- _Exercise description_
A faithful copy is required. Print each line of the data exactly and omit the pictures.

- _Working data_
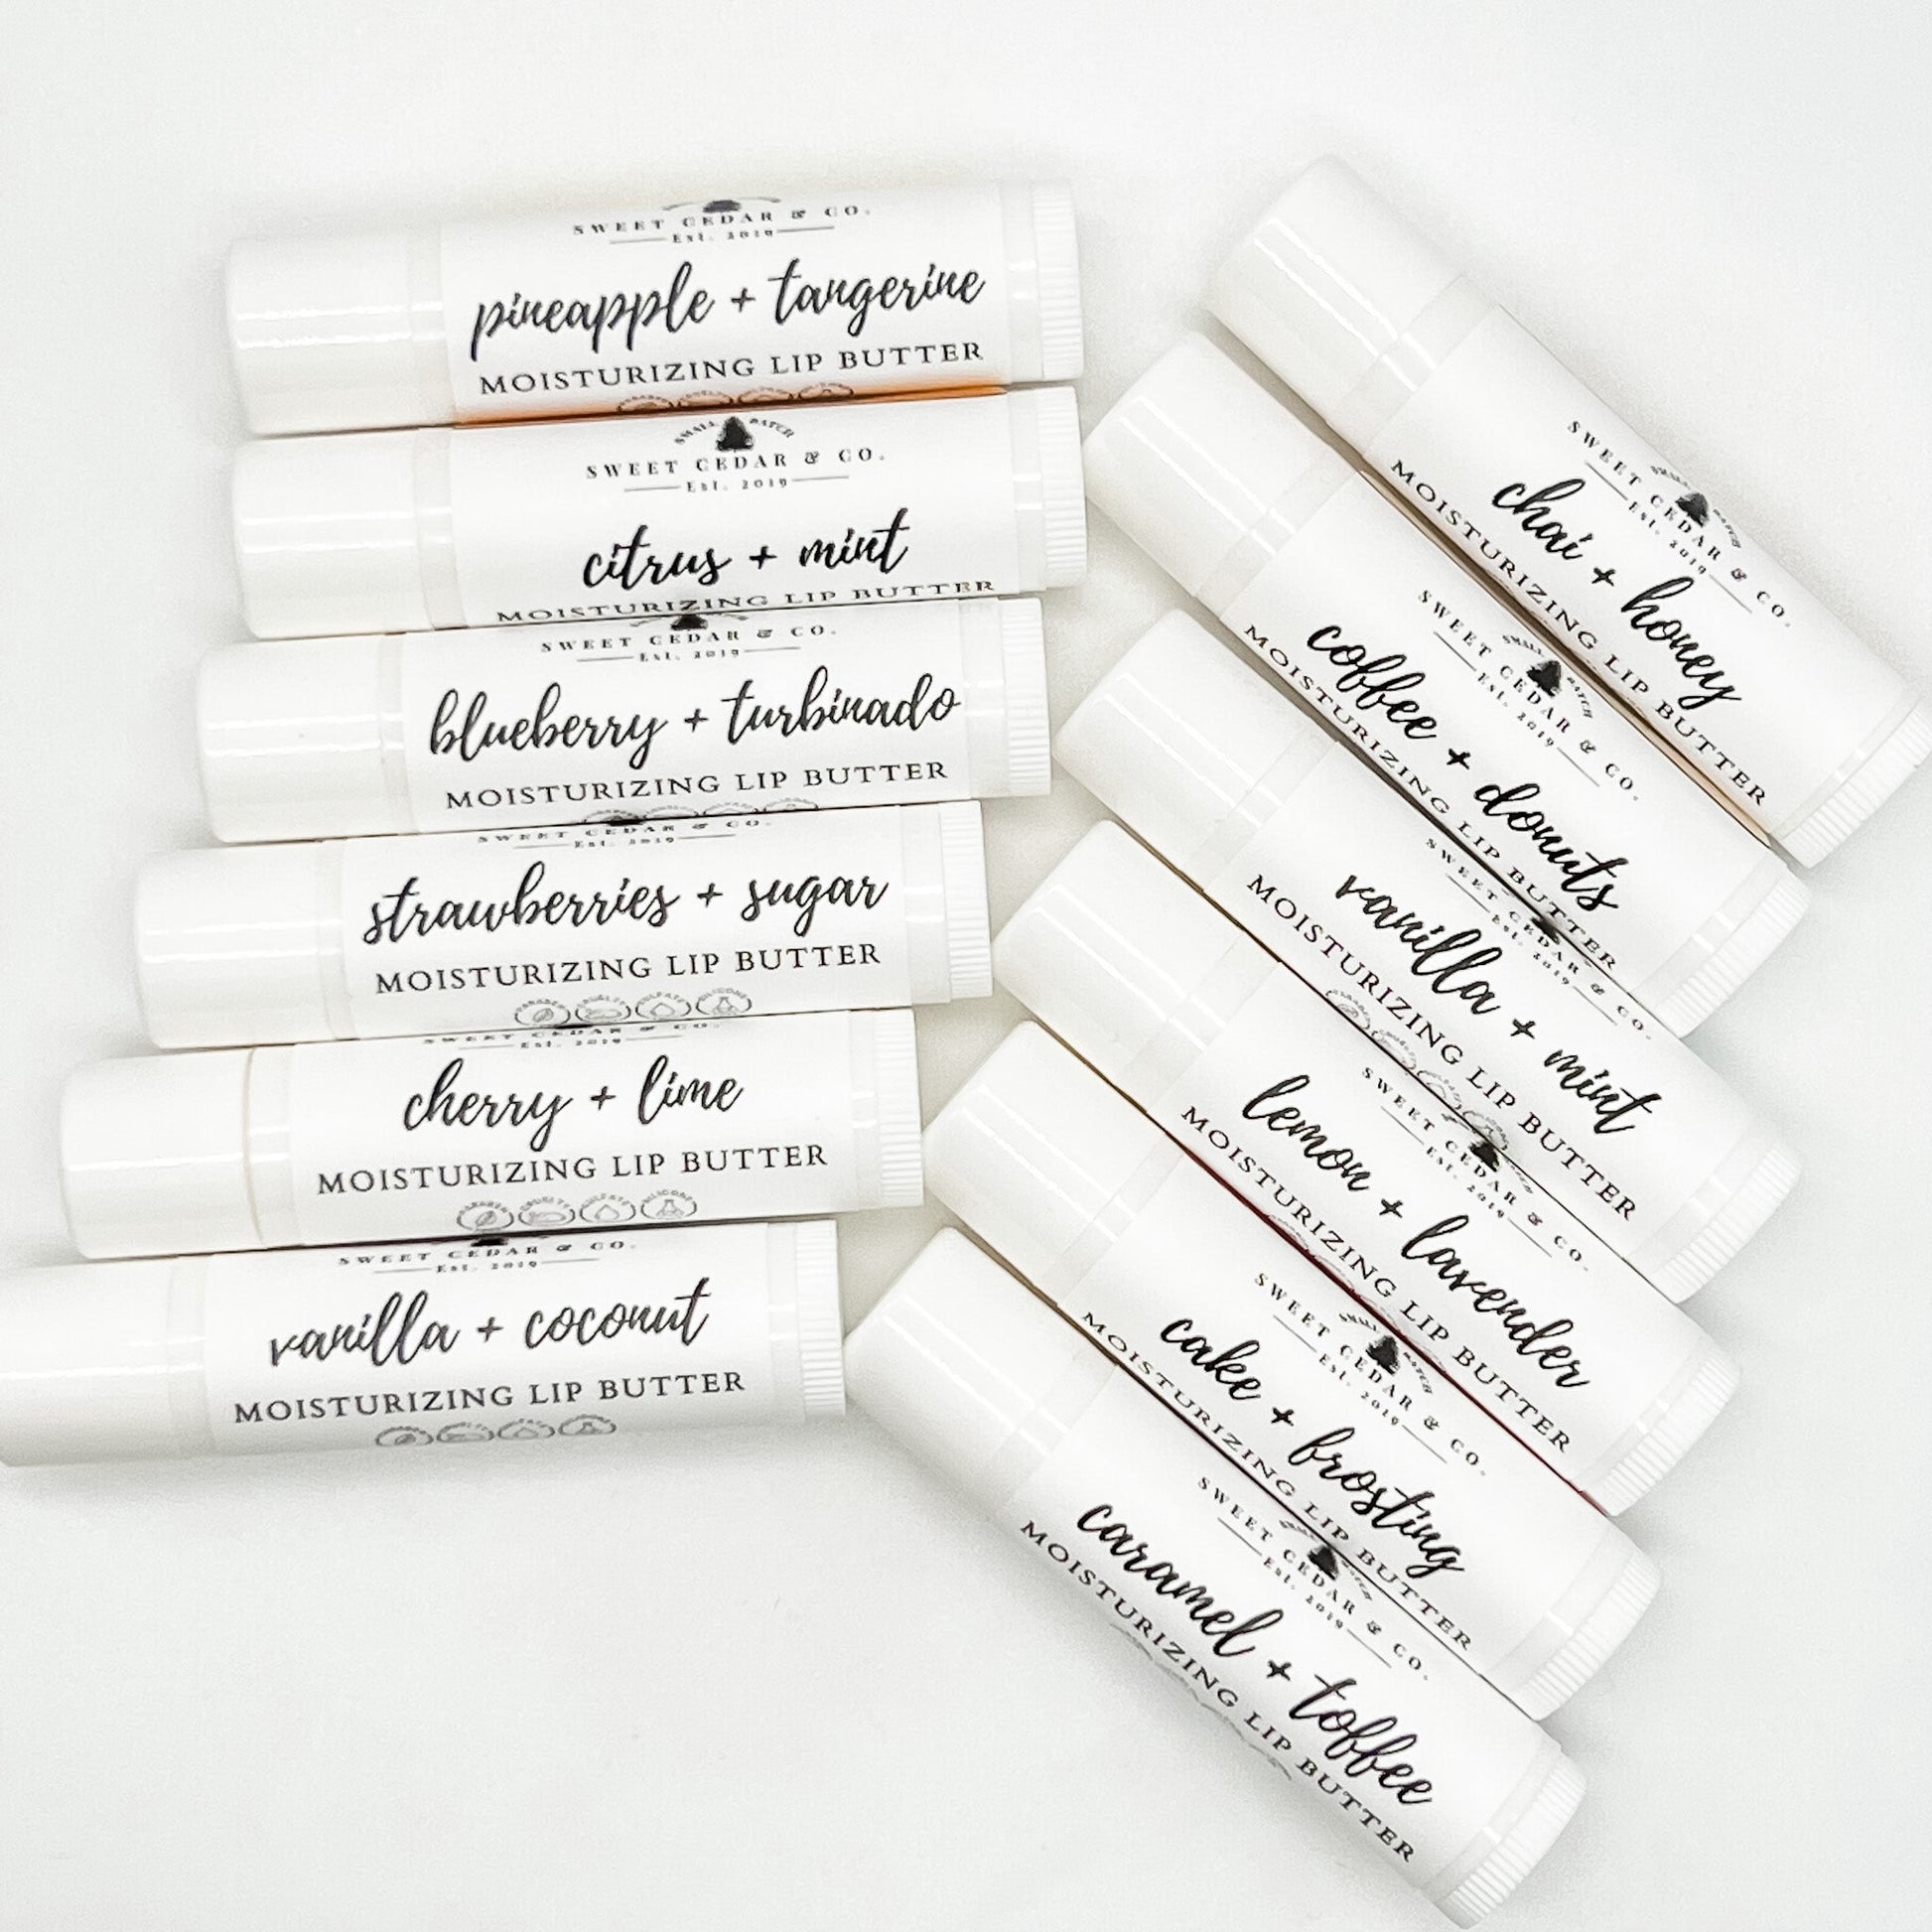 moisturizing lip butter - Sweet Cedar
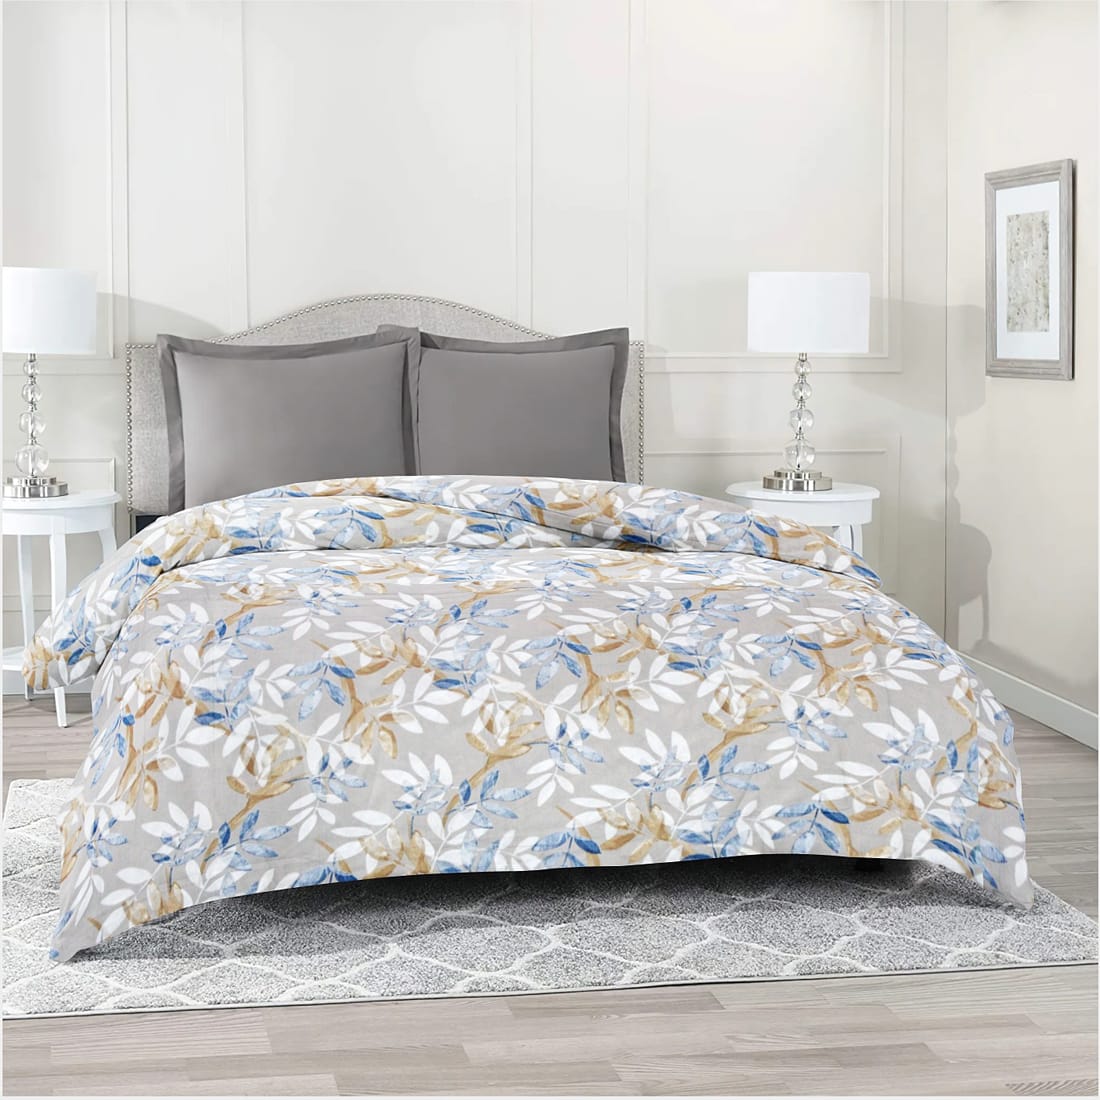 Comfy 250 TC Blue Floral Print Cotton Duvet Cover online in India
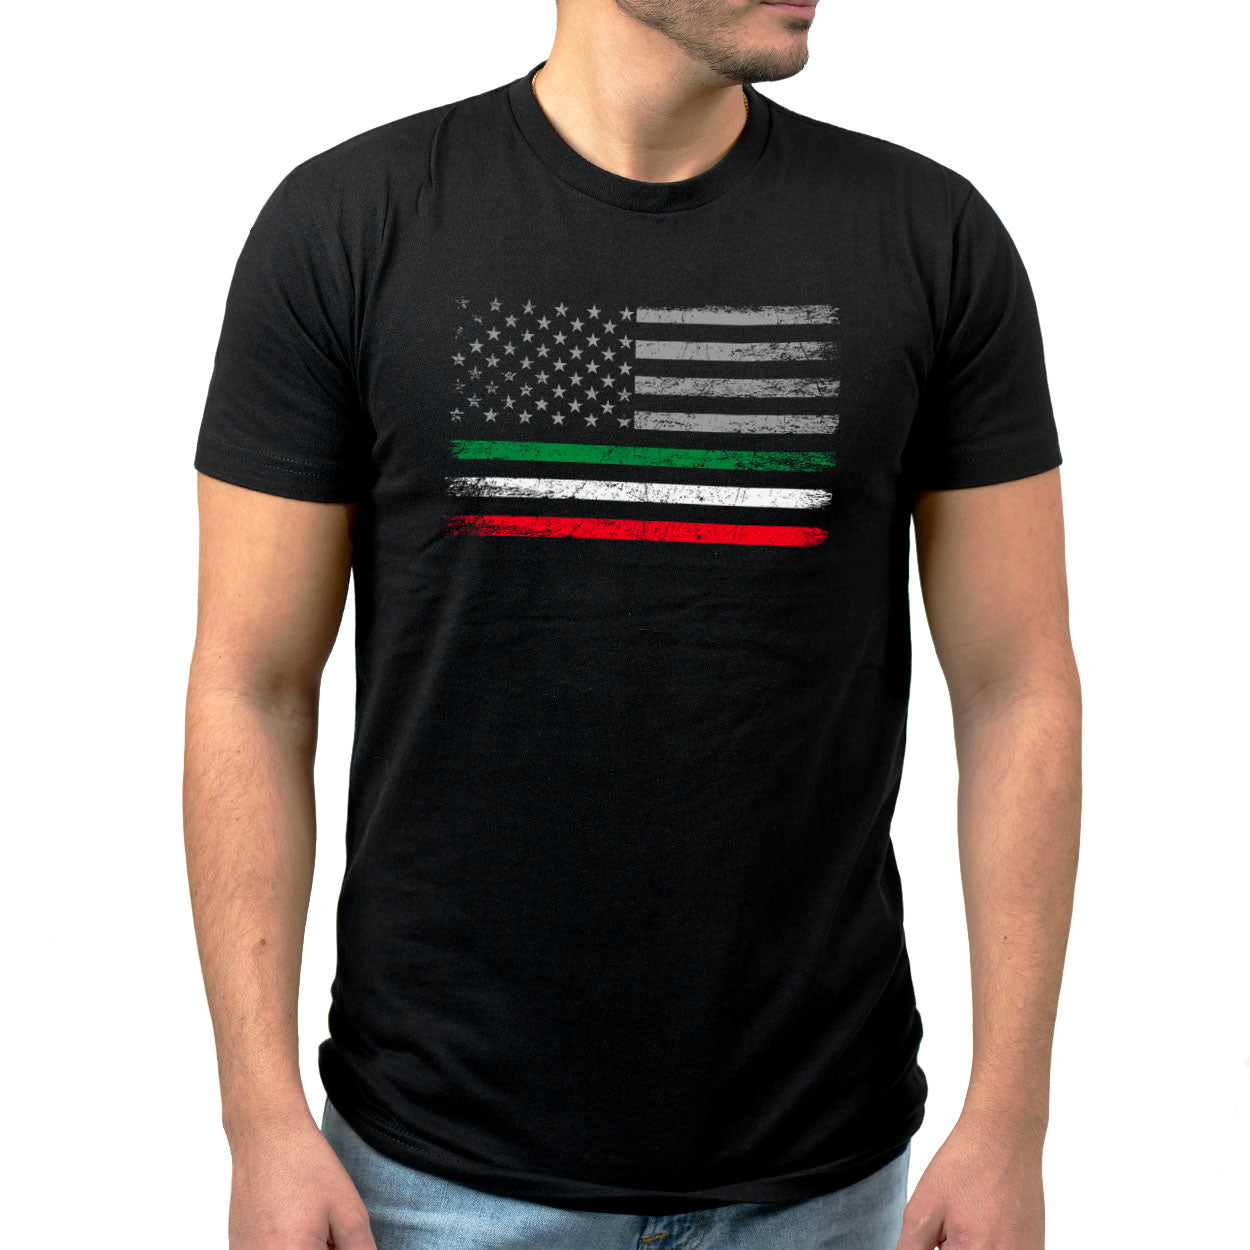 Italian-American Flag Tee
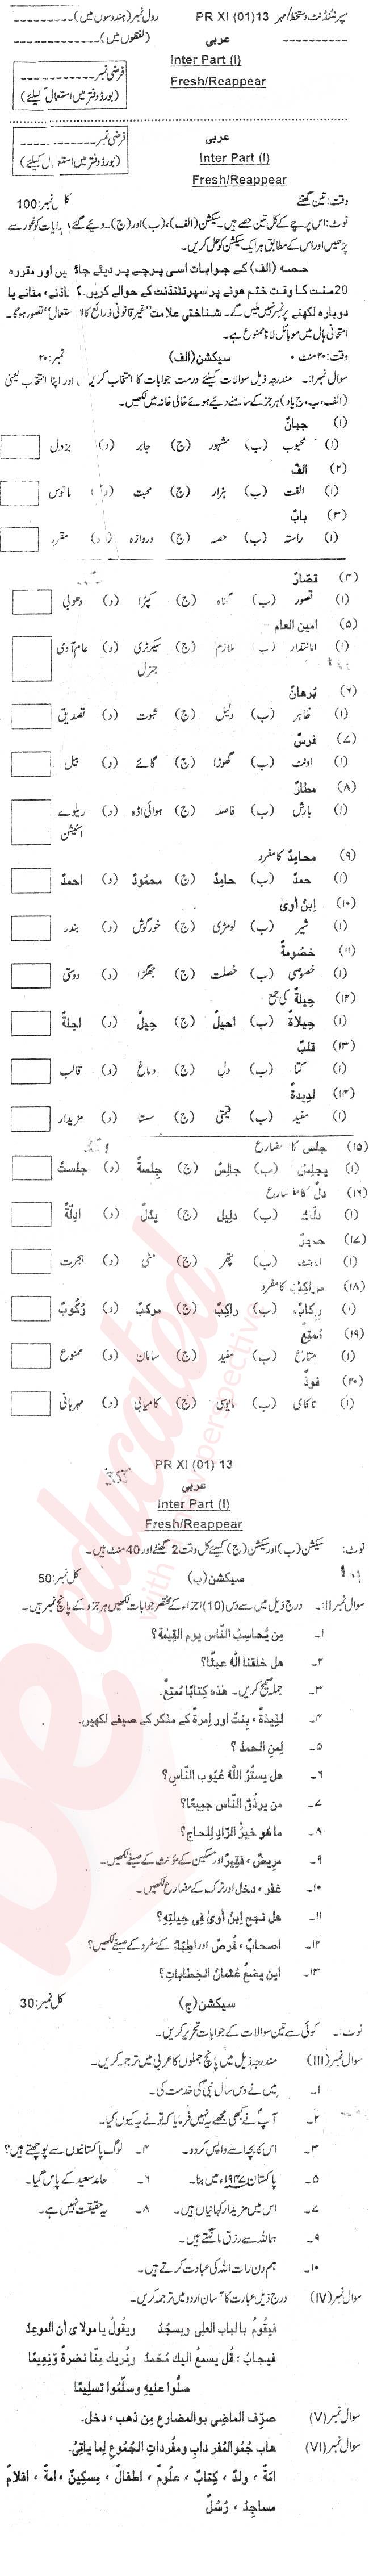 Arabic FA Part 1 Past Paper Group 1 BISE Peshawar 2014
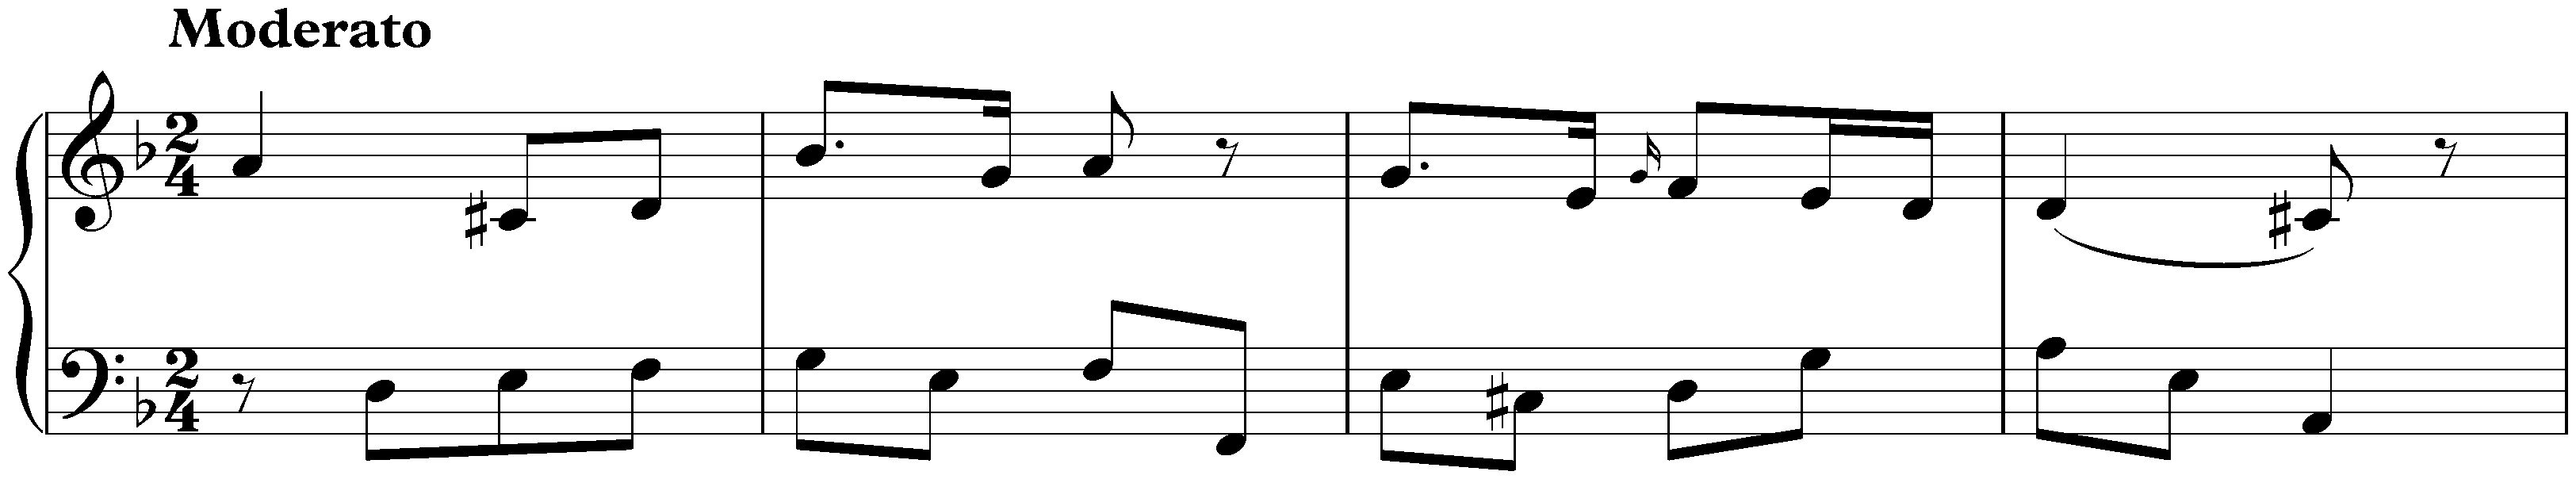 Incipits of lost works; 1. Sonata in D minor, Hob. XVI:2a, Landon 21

- _Response to this exercise_
 moisturizing lip butter - Sweet Cedar
 Comfy 250 TC Blue Floral Print Cotton Duvet Cover online in India
 Italian-American Flag Tee
 Arabic FA Part 1 Past Paper Group 1 BISE Peshawar 2014
 Incipits of lost works; 1. Sonata in D minor, Hob. XVI:2a, Landon 21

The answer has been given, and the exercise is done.